The Royal Bank of Scotland is set to wind up its shipping business after failing to find a buyer.
State-backed RBS has been looking to sell off its shipping book, with efforts to shift its Greek division catching the greatest media attention.
Between 20 and 25 shipping jobs will be lost with a team of around 10 retained to oversee the final work, Reuters reports.
"In line with the bank’s strategy to create a simpler, stronger, and more sustainable bank, better aligned to the needs of our customers in the UK and Western Europe, we are commencing the wind down of our shipping business," an RBS spokesperson told the news wire.
"We understand how difficult this will be for our staff and we will be offering support to those affected, including redeploying people in to other positions where we can."

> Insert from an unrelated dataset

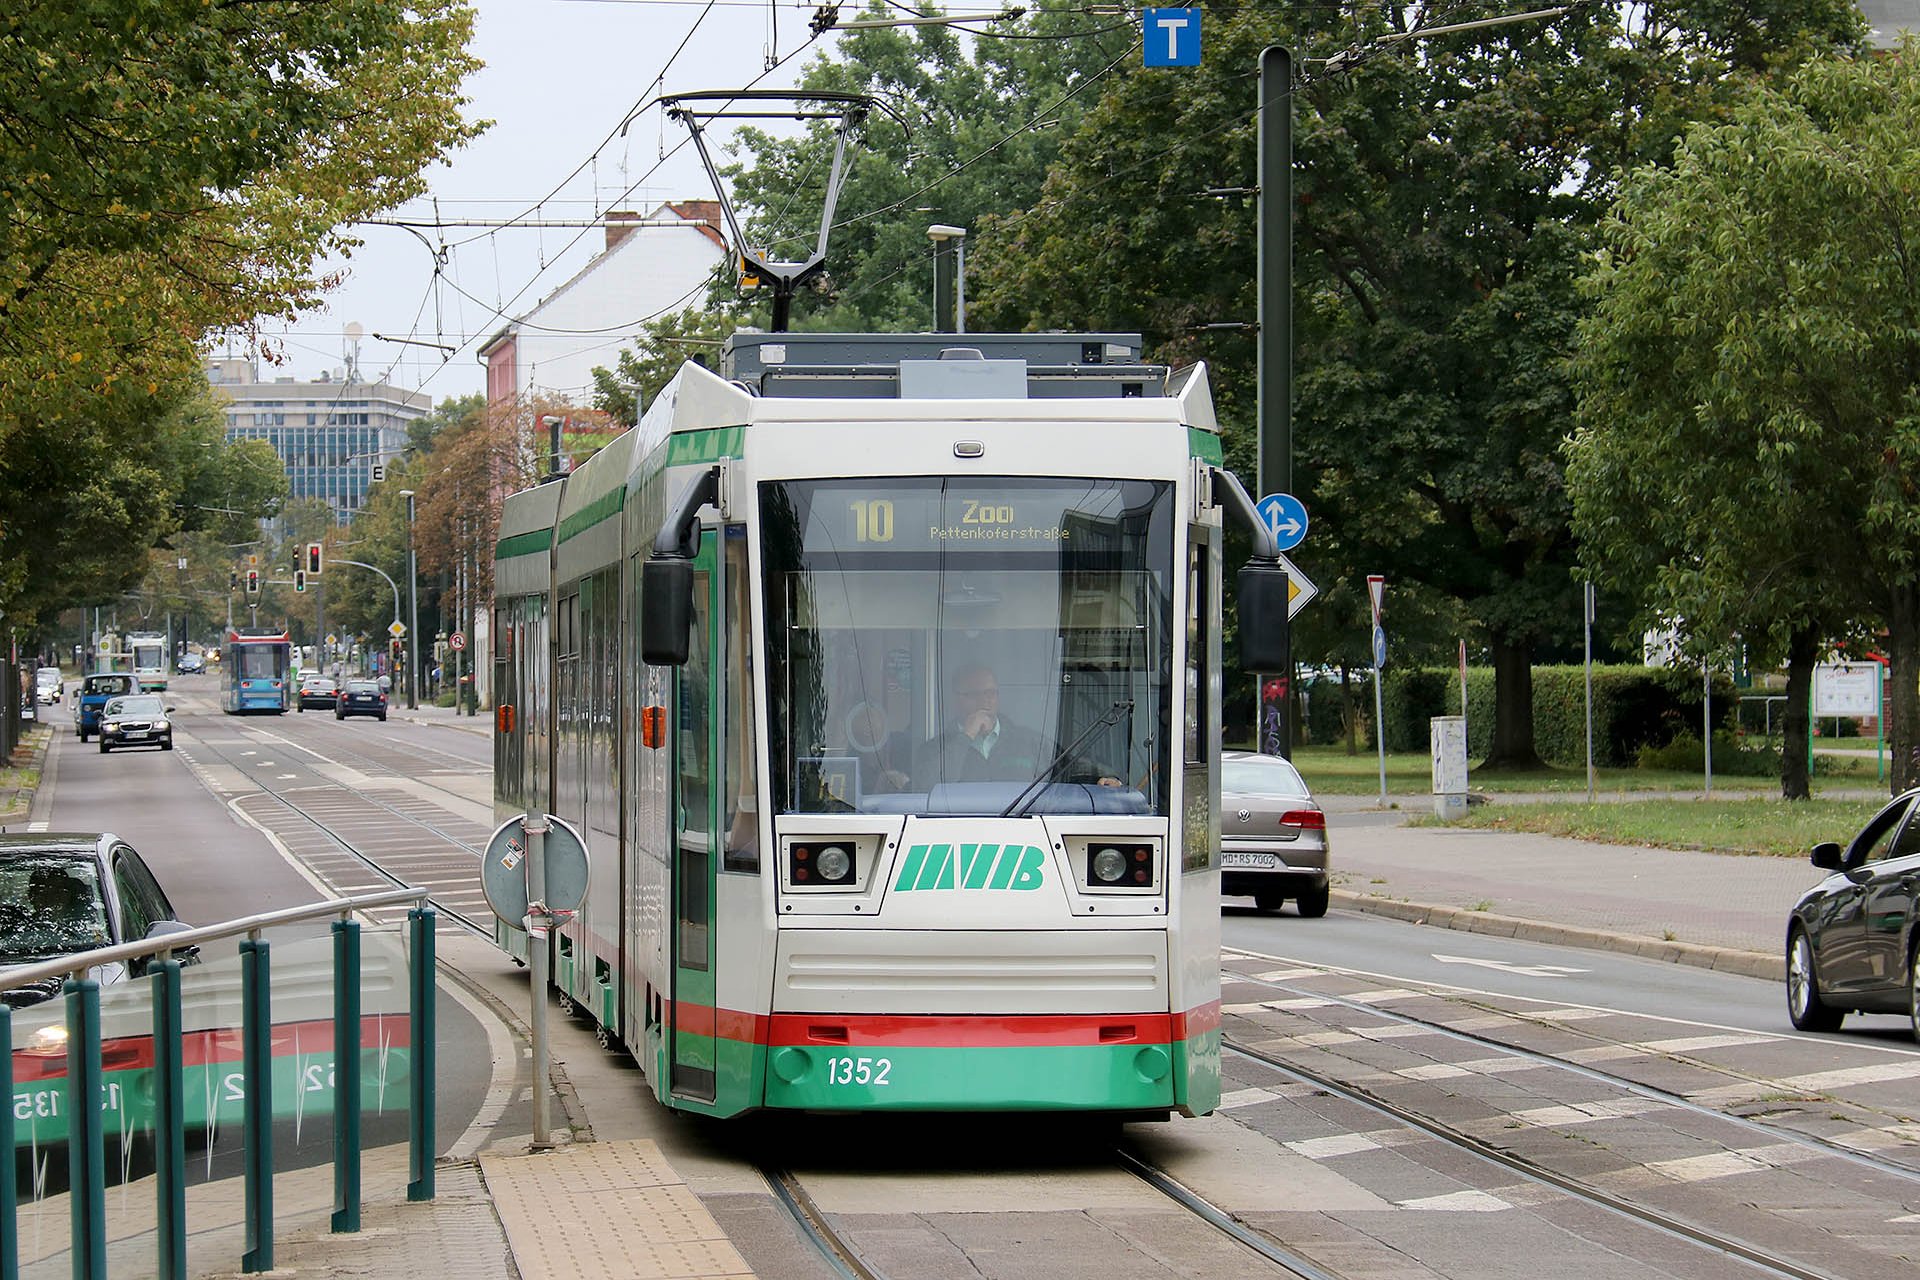 NGT8D 1352 1326–1372 baute Bombardier in Bautzen. Bombardier Bautzen built trams 1326-1372.

RBS shipping executives toured Asia this summer in a bid to hunt out buyers, wth Orix and Sumitomo mentioned as those to have sat across the table.
Having taken further provisions in the first half of this year, particularly on its dry cargo exposure, the bank has now reached the end of the road with shipping.
At the end of the first half of 2016 RBS was carrying provisions of £445m related to its shipping business.
It follows a charge of £264m in the first half of this year to guard against future losses.
Some £5.9bn of its £6.7bn shipping portfolio is within its Capital Resolution section, the so-called bad bank.